Narasumber lain dalam webinar ini yaitu Risang Rimbatmaja, praktisi komunikasi interpersonal, sepakat bahwa keluarga adalah sasaran utama untuk diedukasi karena masih banyak masyarakat yang beranggapan bahwa di dalam rumah anggota keluarga pasti aman. Meski edukasi tidak mudah karena saat ini sebagian warga dalam kondisi stress dan cenderung acuh, namun cara mengkomunikasikan Protokol Kesehatan Keluarga dapat ditempuh dengan dialog ringan atau story telling.

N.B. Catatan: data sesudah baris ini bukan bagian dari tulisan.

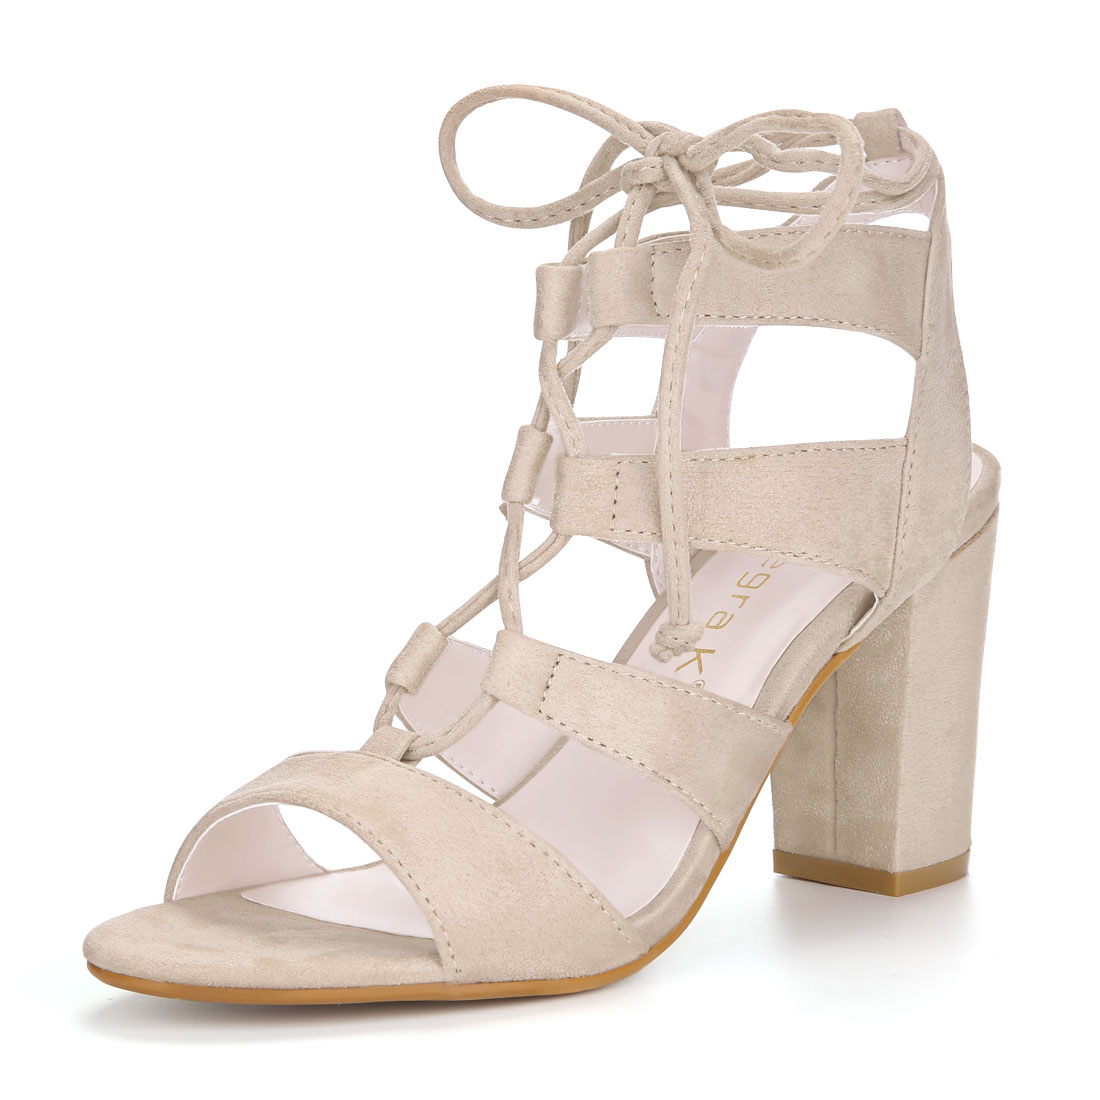 Allegra K Women's Tie Up Strappy Gladiator Block Heel Sandals Red US 9

“Saat ini tidak jarang tenaga kesehatan juga dikucilkan saat melakukan edukasi karena dianggap berlebihan. Meski demikian edukasi harus terus dilakukan karena virus Corona ini masih ada. Untuk mengubah perilaku, pemimpin baik di keluarga atau kelompok masyarakat harus dapat jadi panutan yang baik. Masyarakat bisa diajak dialog ringan cara penularan virus agar paham pencegahannya, paham memakai masker karena penularan bisa dari udara dan droplet, tahu bahwa virus ini bisa mematikan tetapi bisa dicegah. Artinya, masyarakat diberikan solusi untuk mencegah terpapar dan bukan ditakut-takutin. Jika masyarakat paham, diharapkan stigma pada penderita yang terkonfirmasi juga hilang,” tutup Risang.